• Work task
From the entries below, write out exactly the lines between the line holding "Cyril-C-Chay" and the line holding "Lufthansa Business Lounge image 9 of 22", inclusive, excluding any pictures.

• Supplied records
------------------------------
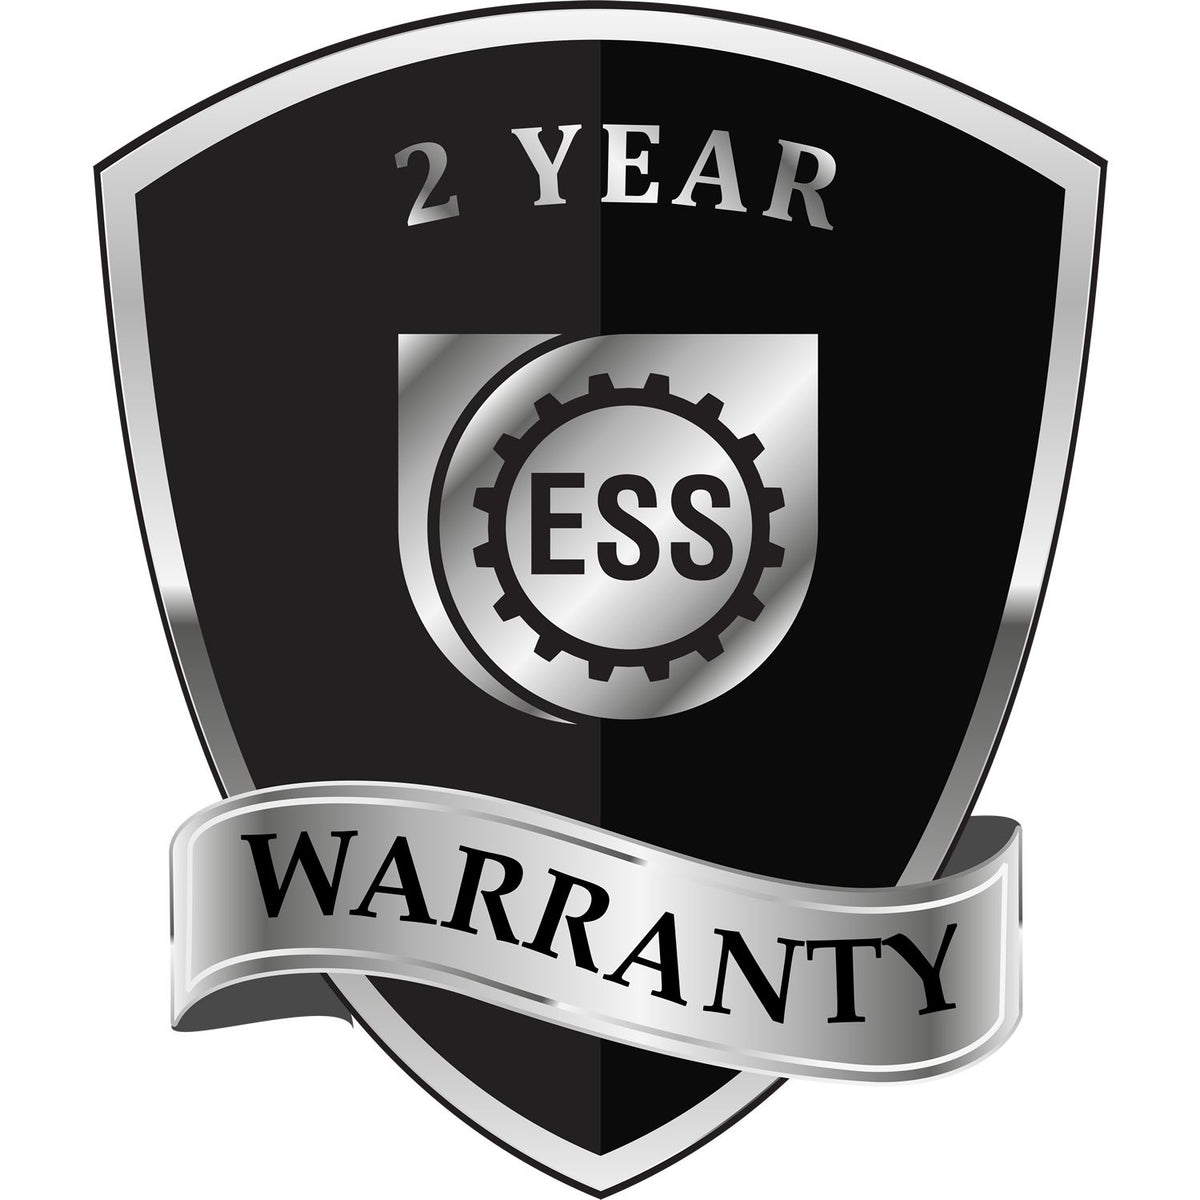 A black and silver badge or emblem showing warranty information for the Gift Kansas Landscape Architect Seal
------------------------------
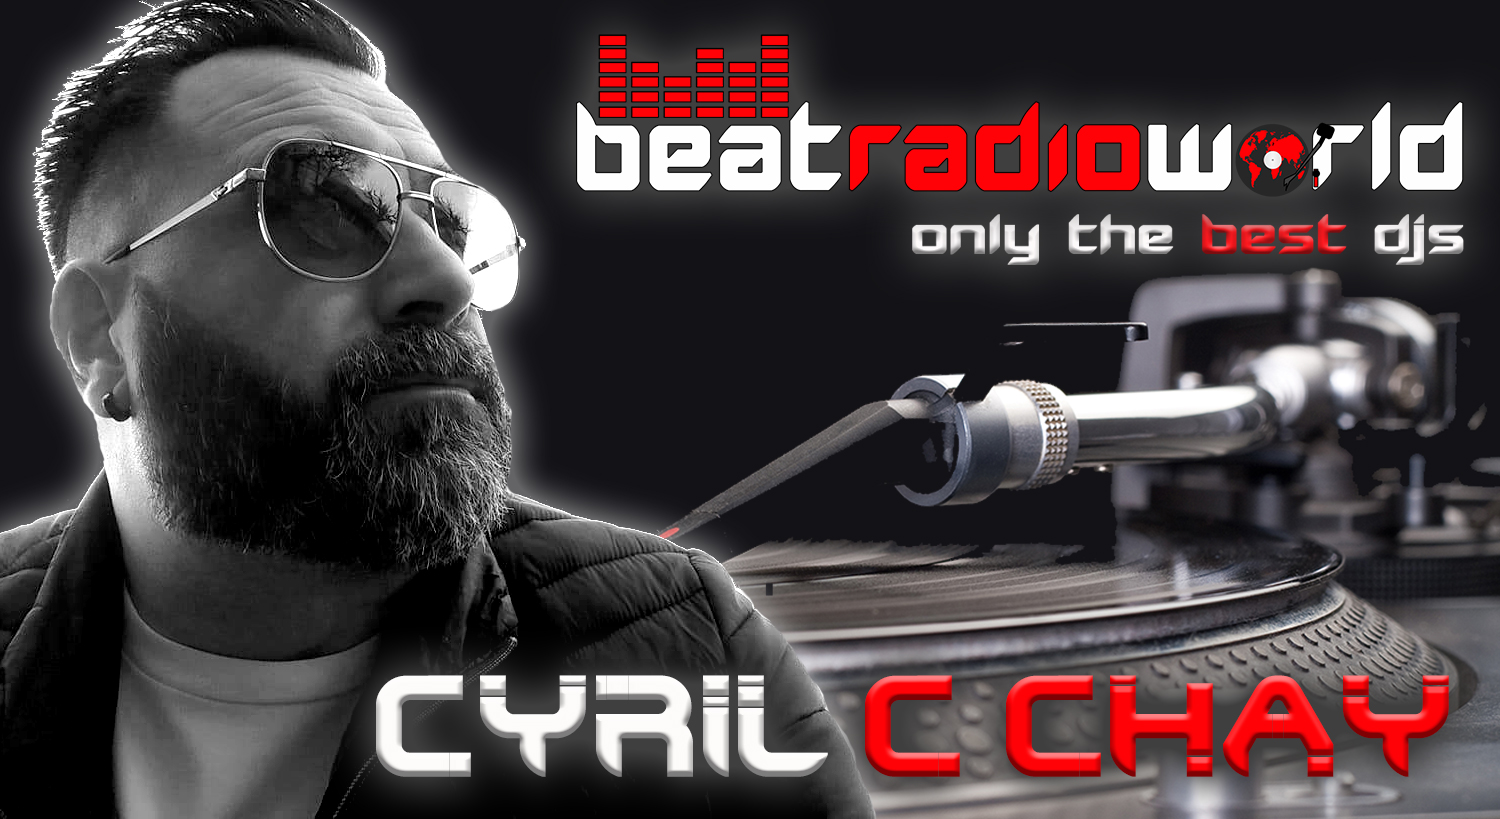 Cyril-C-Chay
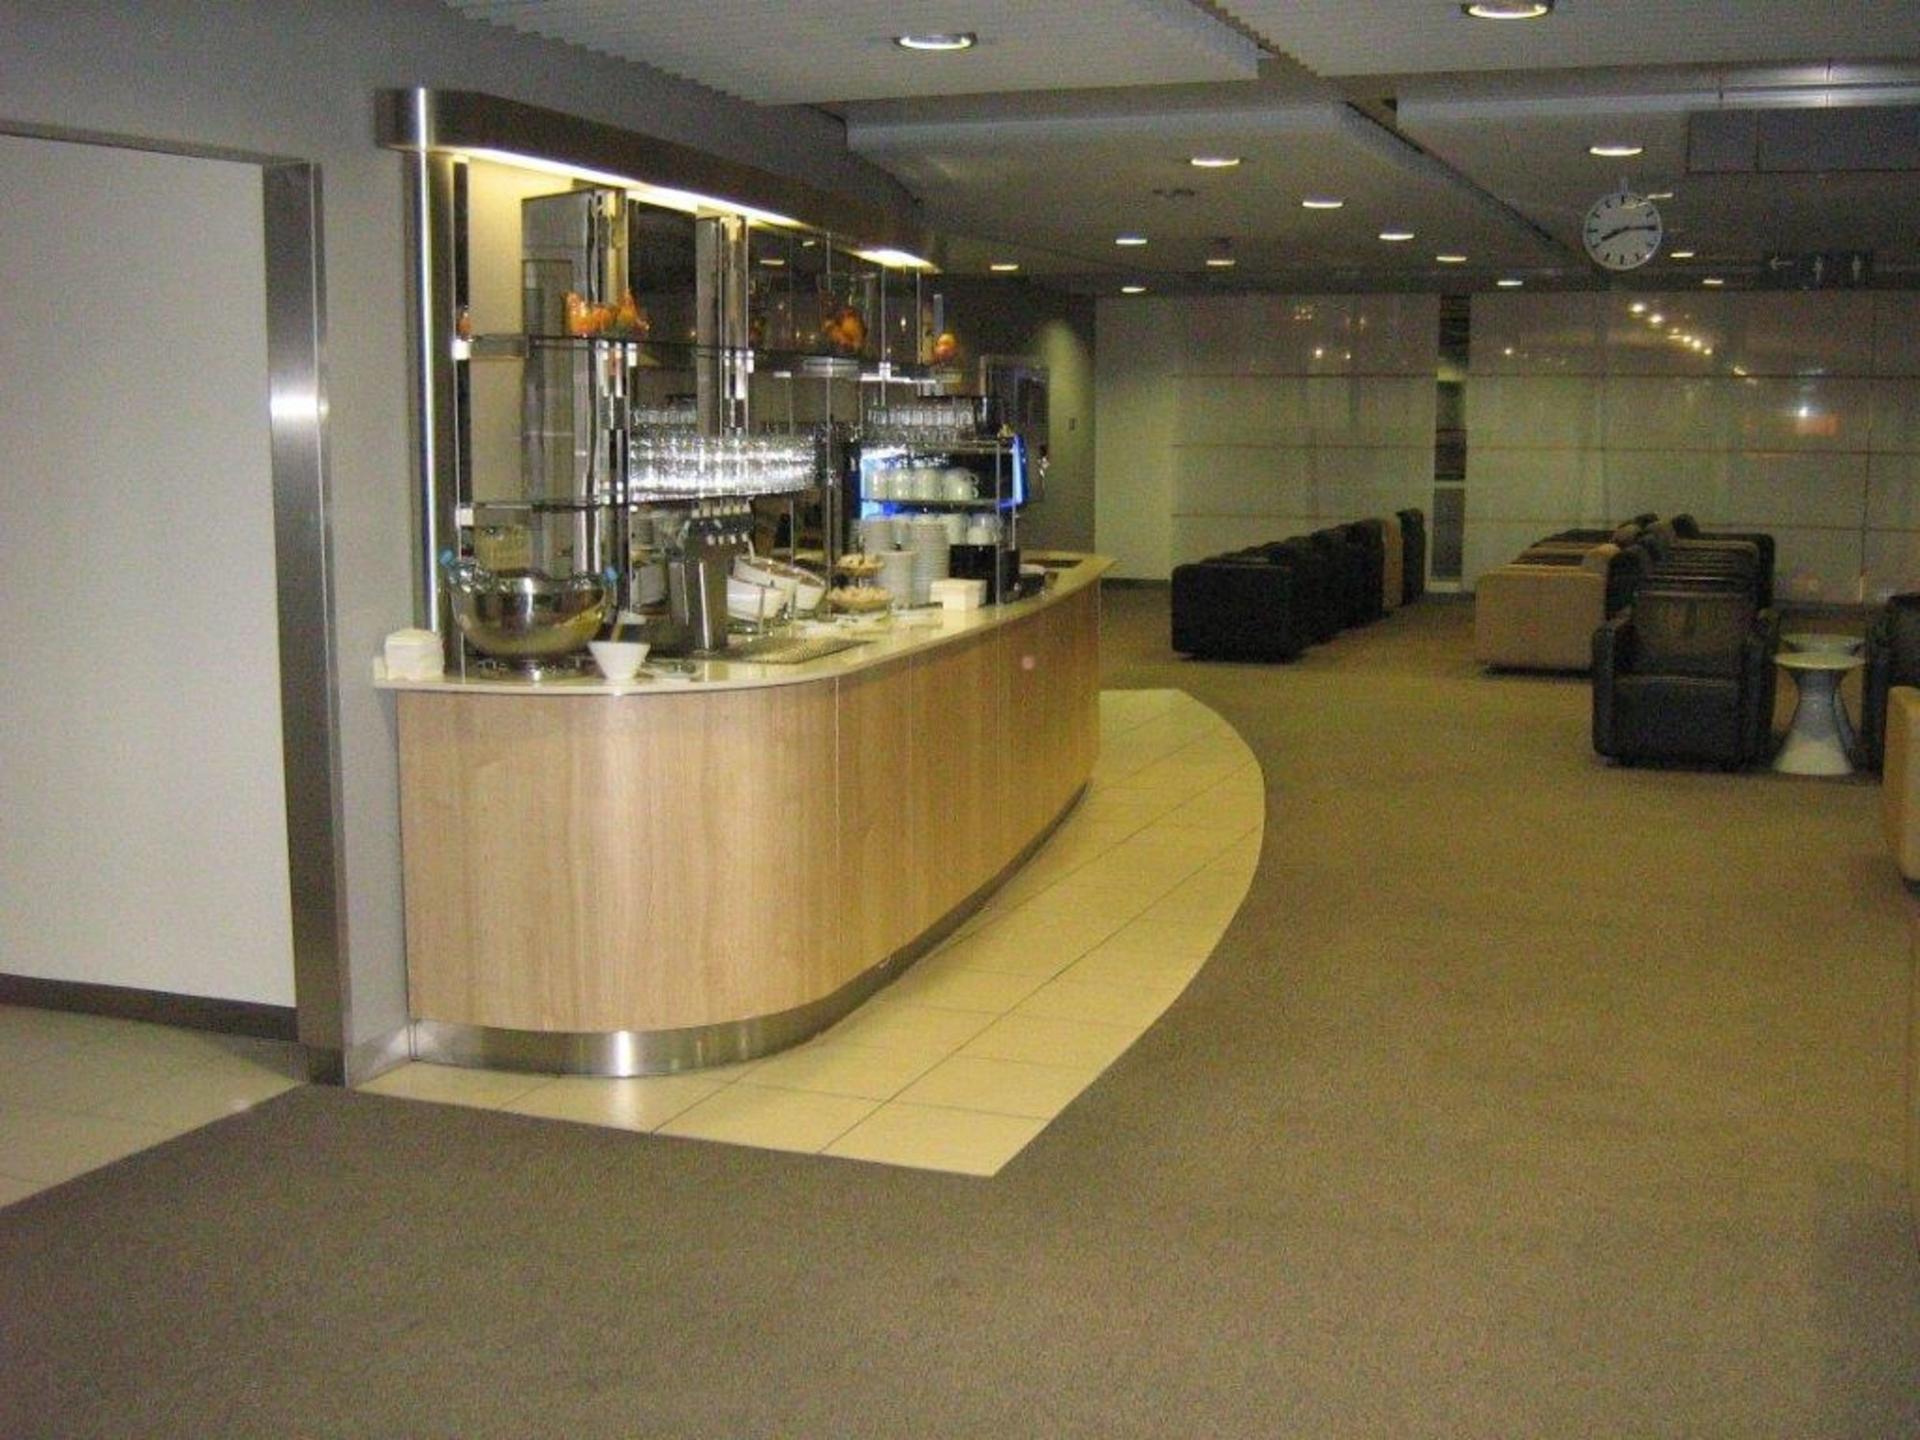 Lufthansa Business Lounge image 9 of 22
------------------------------
• Output of the task
 Cyril-C-Chay
 Lufthansa Business Lounge image 9 of 22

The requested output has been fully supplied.